Im Grunde genommen passiert sehr wenig: Ein Mann verschwindet und hinterlässt Tagebuchaufzeichnungen und sein Gesamtkunstwerk, welches er minutiös in Schriftform festhält, inklusive der einzelnen Ereignisse, die zu den Objekten passen. Dennoch gelingt es der Autorin, den Leser zu unterhalten und ihn gewissermaßen für die kleinen, feinen Details der Schaffensgeschichte zu begeistern. Dabei wahrt sie jedoch eine kühle Distanz, die ebenso wie die Skulpturen zwar eine äußere Fassade besitzt, aber gleichermaßen eine hintergründige Aussage.

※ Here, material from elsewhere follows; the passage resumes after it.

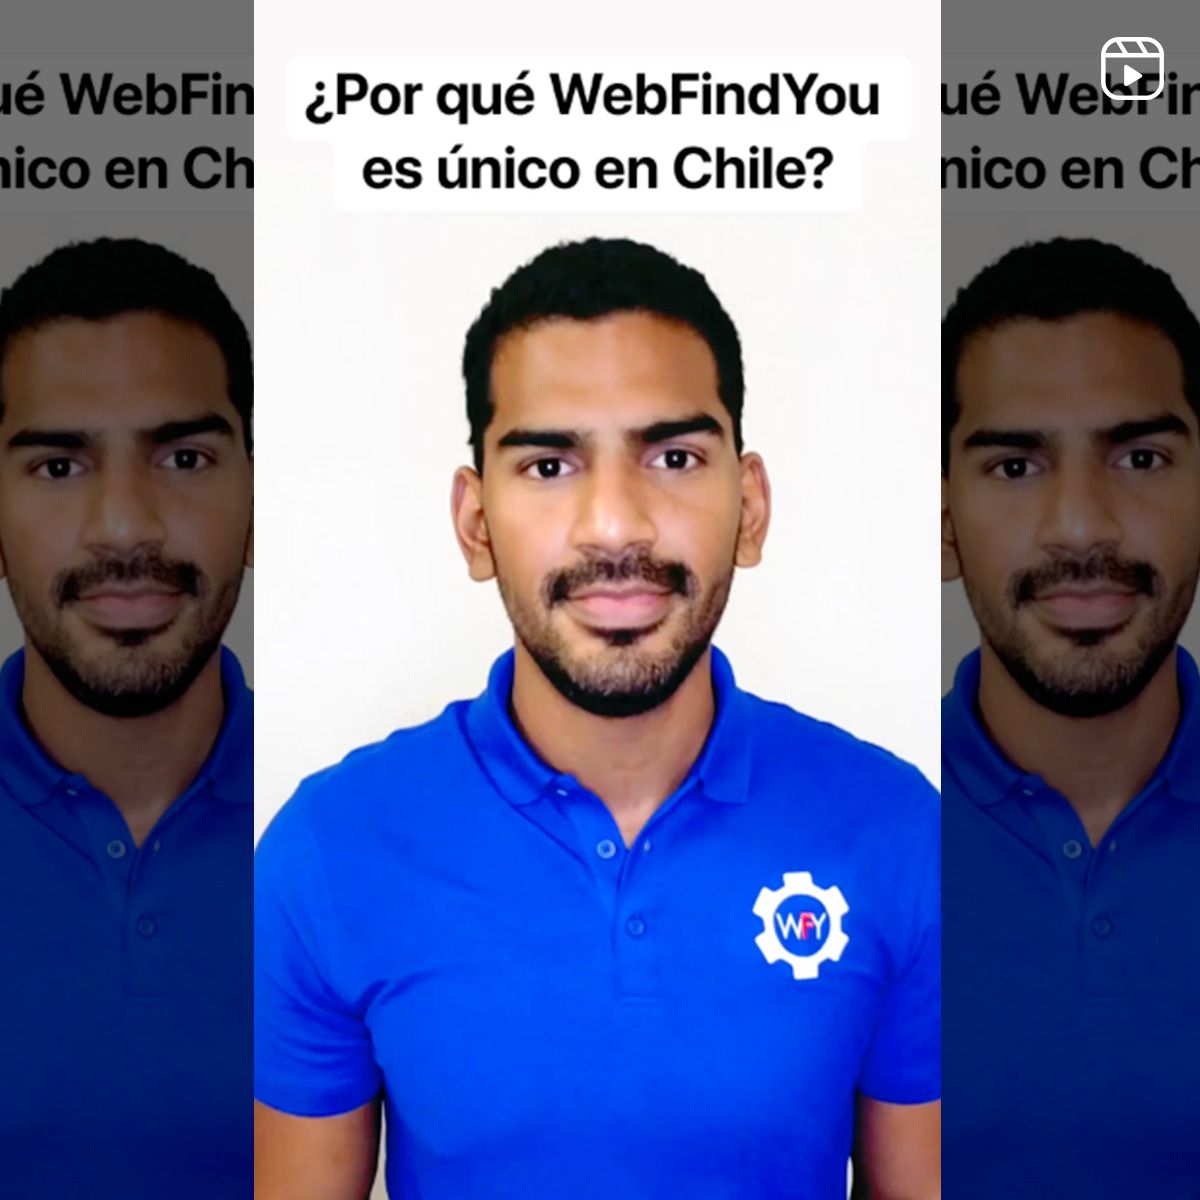 ¿Por qué WebFindYou es Único en Chile?

Die Frage der Schönheit kommt immer wieder auf, sie wird auf subtile Art und Weise hinterfragt und zeigt erschreckend deutlich, welche Auswirkungen eine gebrochene Seele auf den menschlichen Körper haben kann aber auch umgekehrt, wie viel Aufmerksamkeit dem Äußerlichen zu Teil wird, ohne jemals in die Tiefen des Herzens geblickt zu haben. Die Frage nach Schein und Sein dominiert den Text und man findet verblüffende Parallelen, Beispiele aus dem ganz normalen Alltag, die ebenfalls diese Schnittmenge aufweisen und denen ich normalerweise kaum Beachtung schenke.

Die Sprache ist poetisch, wenn auch kühl, die Charaktere bleiben weitestgehend anonym, haben nicht einmal richtige Namen. Die Geschichte überzeugt dennoch, schon allein aufgrund ihres ungewöhnlichen Ansatzes, ihrer Ausführung und der stillen, unbestimmten Entwicklung aller Personen, die die Gedankenwelt des Lesers eher am Rande streifen, als sich in ihr festzusetzen.


Fazit


Ich vergebe gute 4 Lesesterne für diesen ausdrucksstarken Roman, der eine Thematik anschneidet, mit der ich einerseits wenig Berührungspunkte habe, die mir aber in ihrer Form durchaus wertvolle Inhalte vermitteln konnte. Besonders einprägsam wird der Text, weil er gänzlich ohne Bewertungen auskommt. Jedwedes Verhaltensmuster scheint tiefen Ursprungs zu sein, der Betrachter erhascht jedoch nur kleine Momentaufnahmen, so dass eine Anmaßung über korrektes oder schuldhaftes Verhalten erst gar nicht zur Sprache kommt.

Interessant empfand ich auch die Kraft der Selbstzerstörung auf Grund gesellschaftlicher Normen, die ein Individuum nicht immer erfüllen kann. Im Kern habe ich dabei den Aspekt der Selbstliebe gefunden, der Akzeptanz all jener Fehler, die den Menschen so liebenswert und einmalig machen, auch dann, wenn alle Hüllen zerbröckeln. Prädikat: Lesenswerte Belletristik mit Unterhaltungswert.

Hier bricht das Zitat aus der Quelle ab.